If the binarization process is performed in this way, a binarization error is calculated (S270) and stored as error data (S280).

Then, such processing is repeated for all the pixels (S290).

As described above, different threshold data are prepared corresponding to the first color component and the second color component, and the threshold set by such threshold data and the error data H are calculated. Since the binary signal C is output by comparing the added image data I, it is possible to prevent image quality deterioration due to overlapping of dots of each color component of the image data after image binarization. .

[0044]

As described above, according to the present invention, mutually different threshold data are prepared corresponding to the first color component and the second color component, and are set by such threshold data. The threshold value and the image data to which the error data has been added are compared to output a binary signal. Therefore, it is possible to prevent image quality deterioration due to overlapping of dots of each color component of the image data after image binarization. An effective effect is obtained that is possible.

[Brief description of the drawings]

FIG. 1 is a block diagram showing a circuit for executing an image processing method according to an embodiment of the present invention;

FIG. 2 is an explanatory diagram showing an example of threshold data stored in a threshold data storage unit of FIG.

FIG. 3 is a flowchart illustrating a processing procedure according to an image processing method according to an embodiment of the present invention;

FIG. 4 is a block diagram showing a circuit for performing a conventional error diffusion method.

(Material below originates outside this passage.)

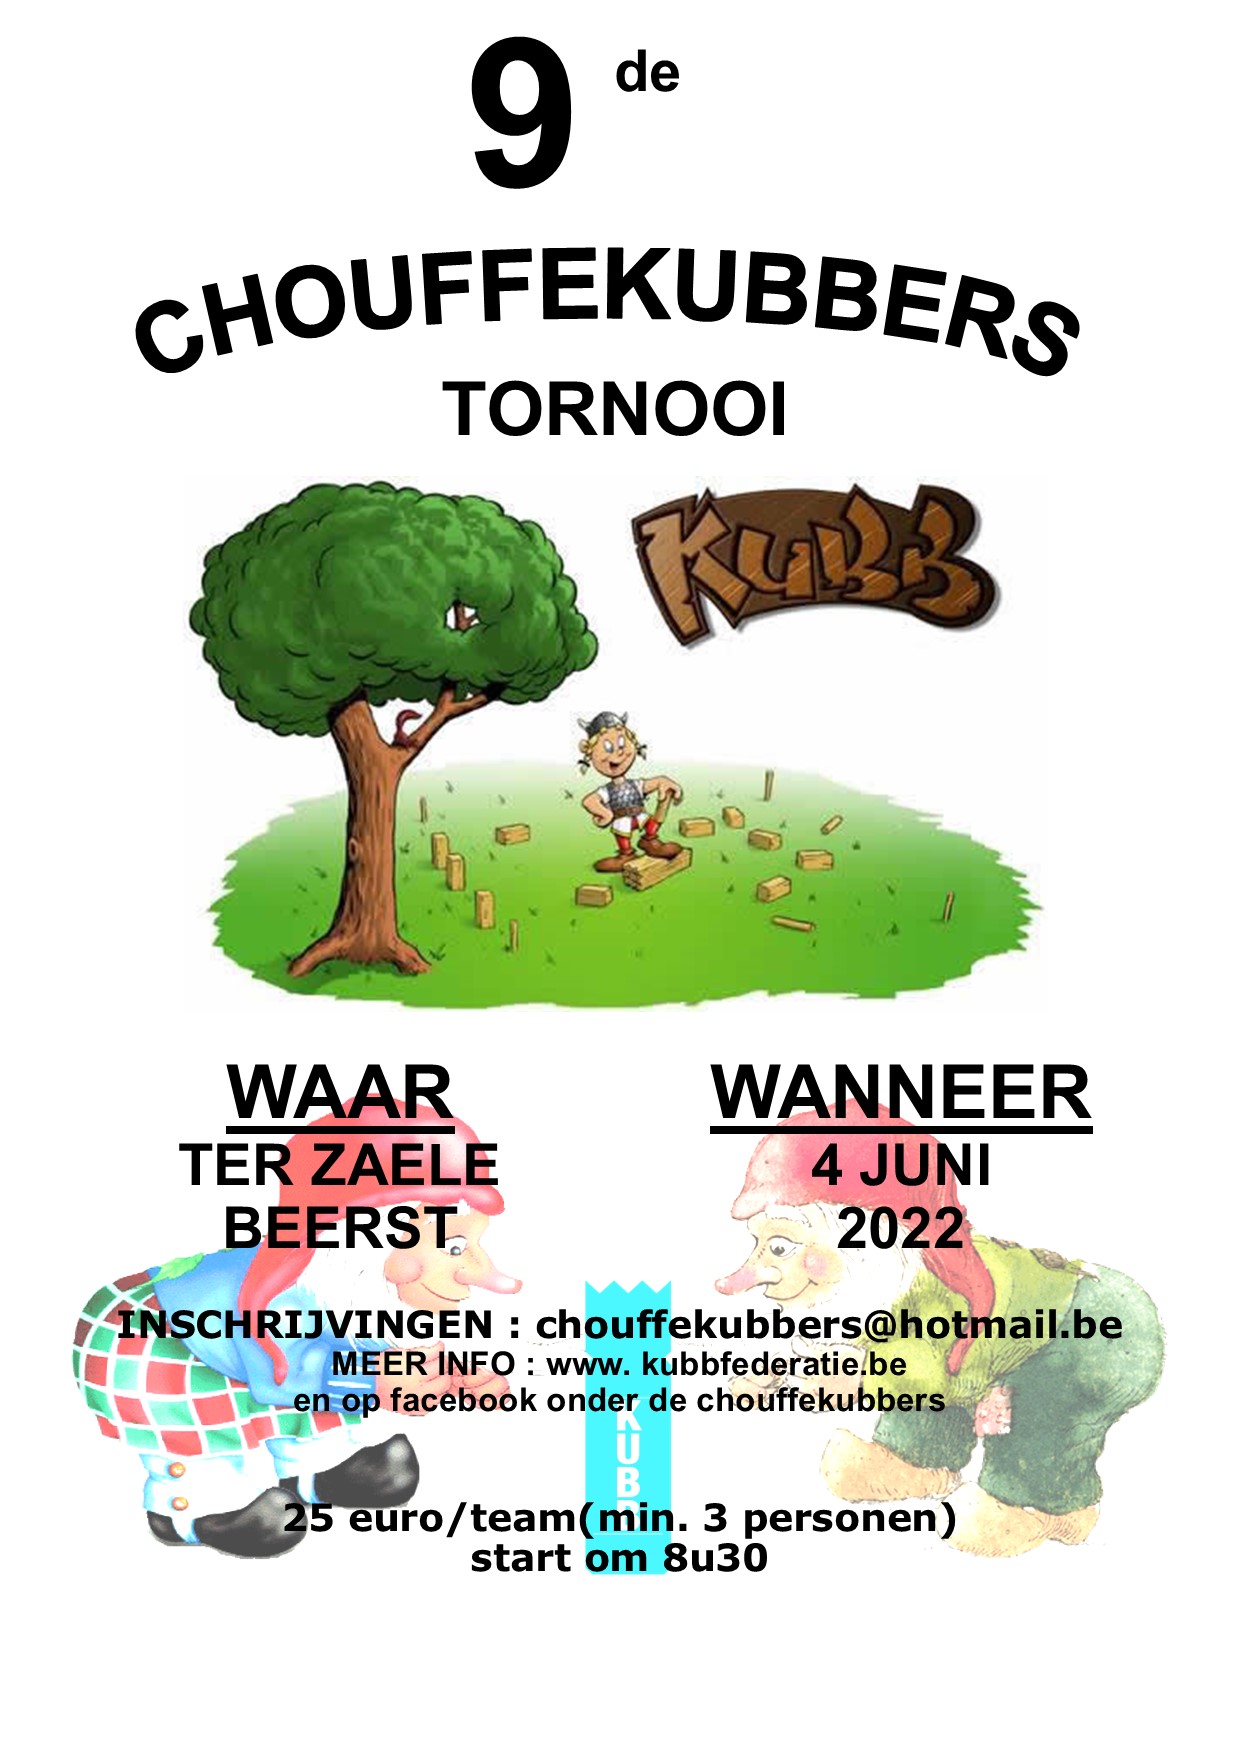 Chouffekubbers Tornooi

FIG. 5 is an explanatory diagram showing an error matrix used in a conventional error diffusion method.

[Explanation of symbols]

 DESCRIPTION OF SYMBOLS 1 Image memory 2 Adder 3 Error memory 4 Comparator 5 Weighting error calculator 6 Subtractor 7 Error data storage means 8 Threshold setting means 9 Error diffusion device

 ──────────────────────────────────────────────────続 き Continued on the front page F term (reference) 2C262 AA24 AA26 AA27 AB13 BB03 BB08 BB22 BB27 EA10 5B057 BA30 CA01 CA08 CA12 CA16 CB01 CB07 CB12 CB16 CC02 CE14 CE16 CH08 CH18 DA17 5C077 LL04 MP08 NN11 PP33 PQ08 LA11 LC09 NA01

Claims (2)

[Claims] 1. An image processing method for generating a binary image by performing a binarization process on a pixel of a multi-level gradation having a plurality of color components, wherein a first color component and a second color component are An image processing method comprising preparing different threshold data corresponding to each other, comparing a threshold set by the threshold data with image data to which error data has been added, and outputting a binary signal. 2. The image processing method according to claim 1, wherein the threshold data corresponding to the first color component and the second color component are in a mutually inverted relationship.